According to the checkerboard tape method (lattice method) of JIS K5600-5-6, a cut mark is placed on the film after post-baking, and the obtained test piece is placed in a pressure cooker test machine at 120 ° C / 100% RH / Under 2 conditions, the treatment was carried out for 2 hours. Stripping with tape was performed as an adhesion test by calculating the number of peels in 100 of the checkerboard.

[Evaluation Example 2 and Comparative Evaluation Example 2]

For the test pieces obtained in Example 2 and Comparative Example 2, the joint strength was measured using a universal tester HG-200 (manufactured by Shimadzu Scientific Co., Ltd.). The results are shown in Table 3.

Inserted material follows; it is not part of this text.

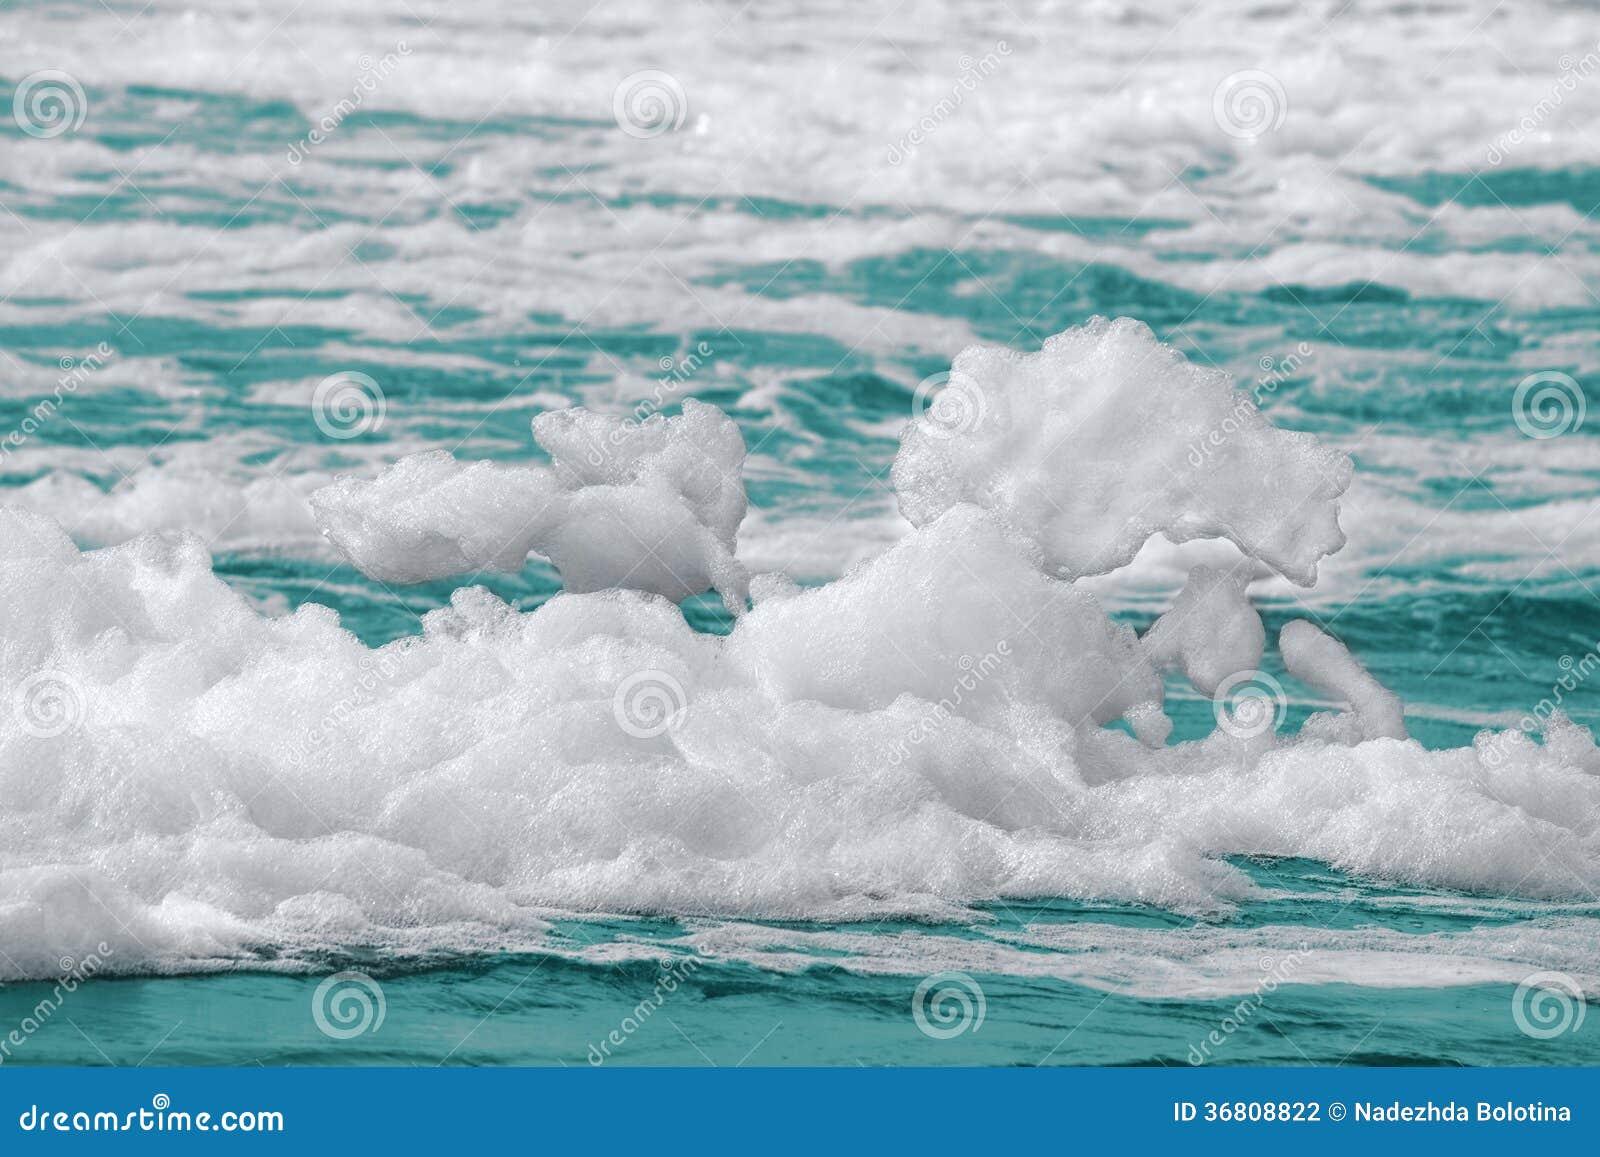 泡沫适用于_海水表面上的白色泡沫.

From the above results, it is understood that the colored photosensitive composition of the present invention containing a decane coupling agent composed of blocked isocyanate decane is excellent in adhesion. Therefore, the colored photosensitive composition of the present invention is suitable for a black matrix.

Claims (11)

A photosensitive composition comprising a decane coupling agent comprising blocked isocyanate decane, wherein the blocked isocyanate decane is obtained by reacting an isocyanate compound represented by the following formula (I) with a blocking agent , (wherein R ¹ is represented by an alkyl group having 1 to 8 carbon atoms, n is a number from 1 to 10, a is a number from 1 to 3, b is a number from 0 to 2, and a + b = 3). The photosensitive composition of claim 1, which comprises a polymerizable compound having an ethylenically unsaturated bond, and a photopolymerization initiator. The photosensitive composition of claim 1, which is alkali developable. The photosensitive composition of claim 1, wherein the blocking agent is an anthracene compound. A colored photosensitive composition characterized by further adding a coloring agent to the photosensitive composition of claim 1. The colored photosensitive composition of claim 5, which comprises a polymerizable compound having an ethylenically unsaturated bond and a photopolymerization initiator. The colored photosensitive composition of claim 5, which contains a black pigment. The colored photosensitive composition of claim 5 which is alkali developable. The colored photosensitive composition of claim 5, wherein the blocking agent is an anthracene compound. A black matrix characterized in that the colored photosensitive composition of claim 5 is hardened on a substrate. A color filter characterized by having a black matrix of claim 10.